What will be the predominant site for delivery of health care in the next 5, 10, or 15 years? The inpatient setting will meet the needs of patients requiring a high level of care. Ambulatory care will continue to grow at a rapid rate to provide the therapeutic environment for those patients who are not critically ill.

Telehealth will play a significant role in the emerging trends. It will help redefine how nursing care is provided to a large segment of the patient population. Telehealth nurses will contribute to nursing by helping develop a new body of knowledge and skill. AAACN will continue to provide products to meet the growing demand and needs of nurses working in this arena.

Our workplace issues continue to evolve. The shortage of health care professionals will not be short-lived. General discontent with today’s work environment will pose serious challenges for the foreseeable future. The goal is to create a work environment and professional culture that will attract and retain the best and the brightest for our profession. Each of us has a critical role to play in achieving that goal.
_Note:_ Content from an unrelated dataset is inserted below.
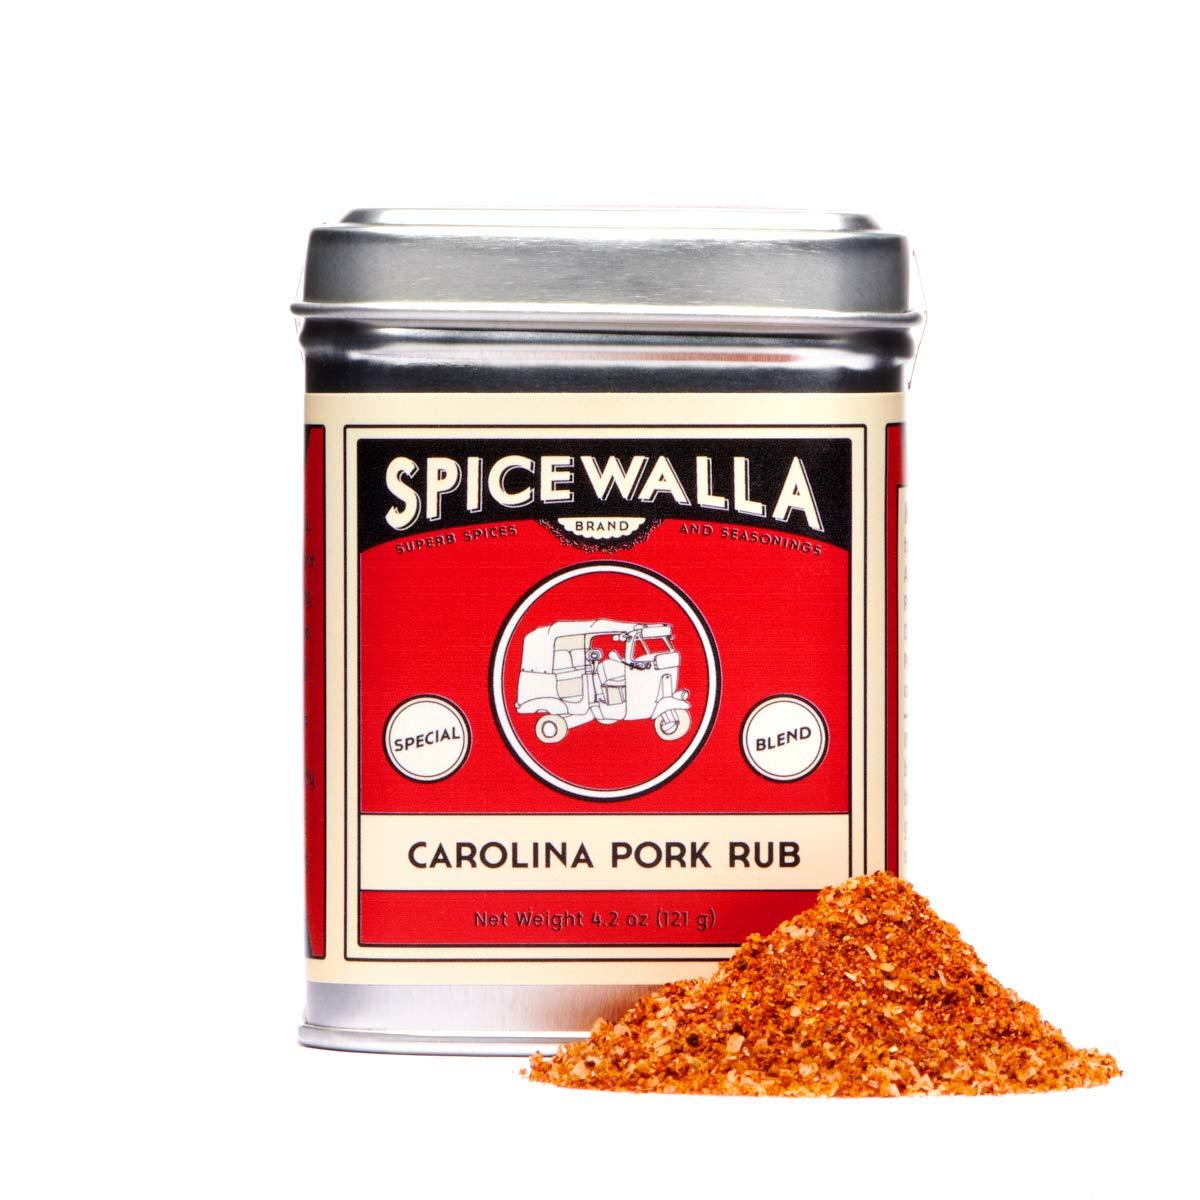 Spicewalla Carolina Pork Rub | BBQ Rub for Seasoning Ribs, Chicken, Beef, Vegetables | Barbecue, Grilling, Roast, Slow Cooker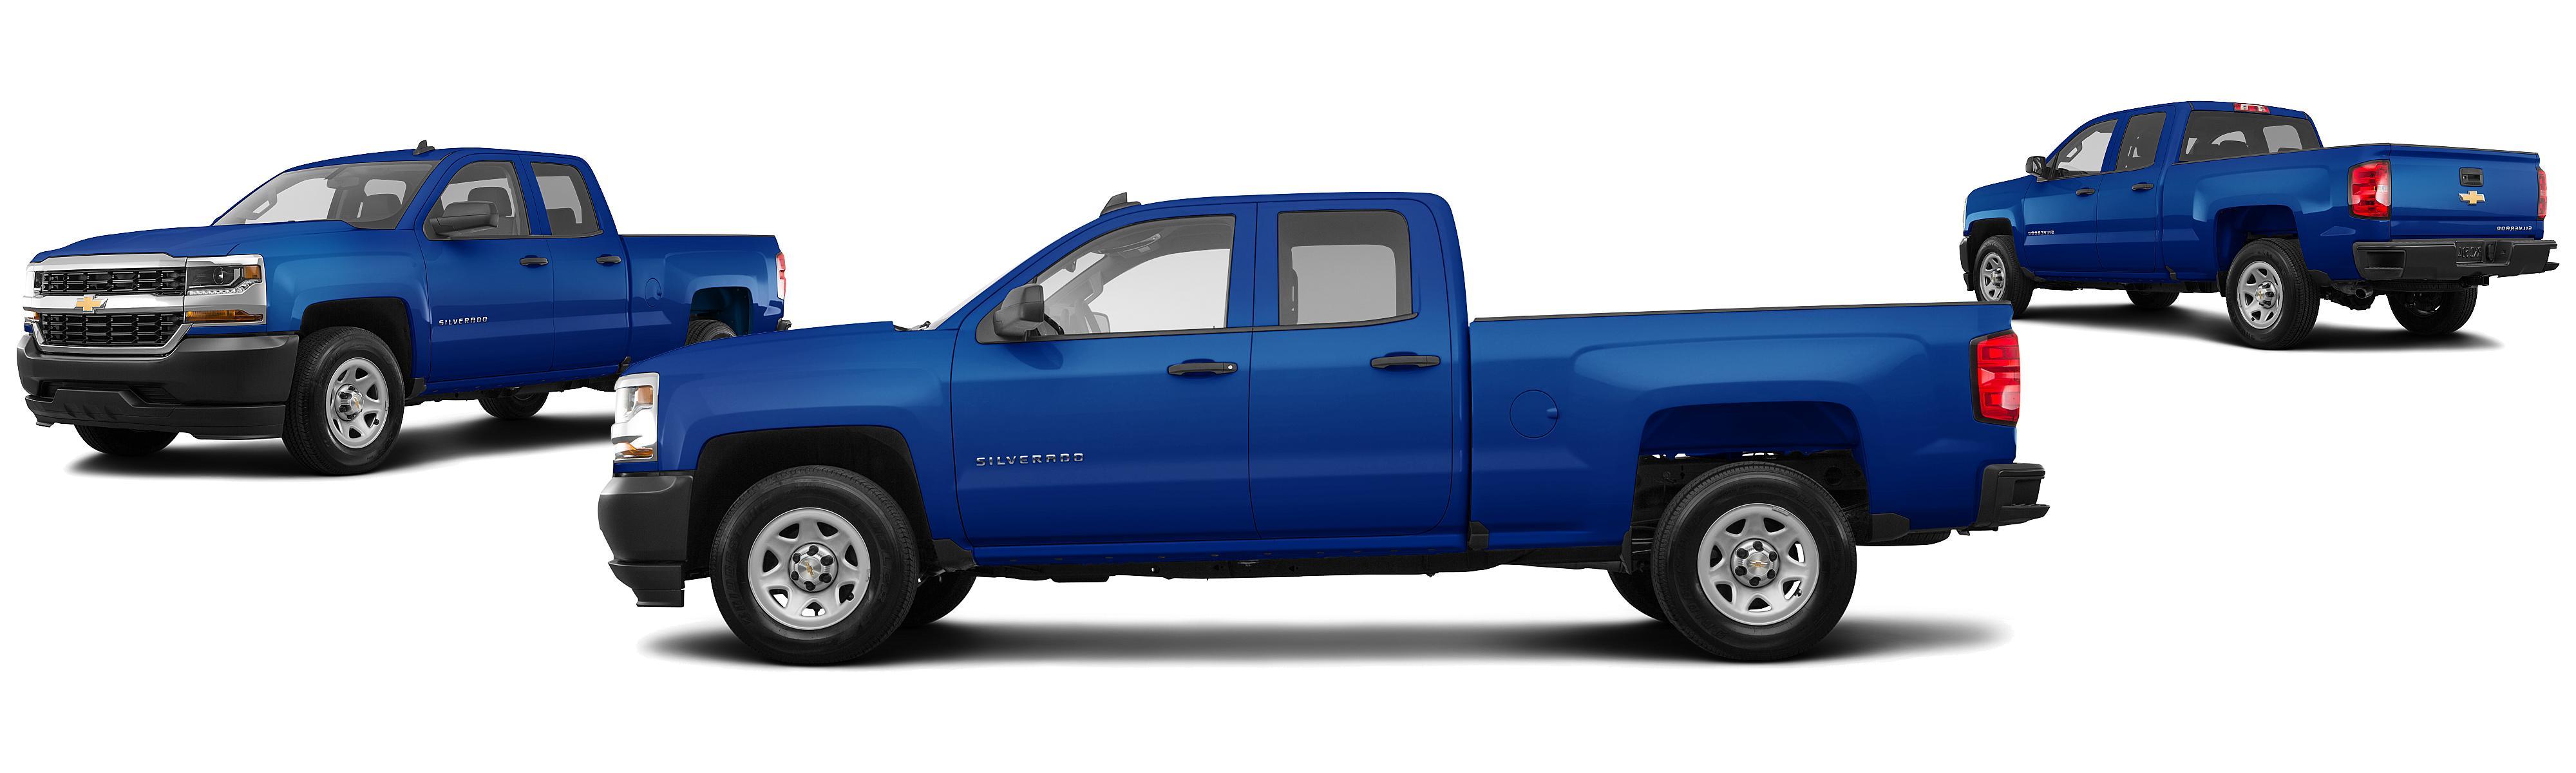 carpet beds vidalondon com hermeymonica kit pics l for of sale pickup kits truck bed gmc beautiful

Our primary focus in this coming year will require that we answer two critical questions: first, how can we articulate AAACN’s value to our customers, our corporate sponsors, our employers, our professional community, and our members? Failing to do that will put us in jeopardy of losing our members and not retaining and enhancing our status in the professional community.

Second, how can we articulate a strategy to achieve and sustain financial stability within the next 3 years? We are no more immune to financial pressures and strains than are our counterparts in health care and in business. To have fiscal stability we must increase our membership, add and retain our corporate sponsors, and continue to provide meaningful products, services, and value to our members.

Thank you for your support, and for your active involvement in AAACN.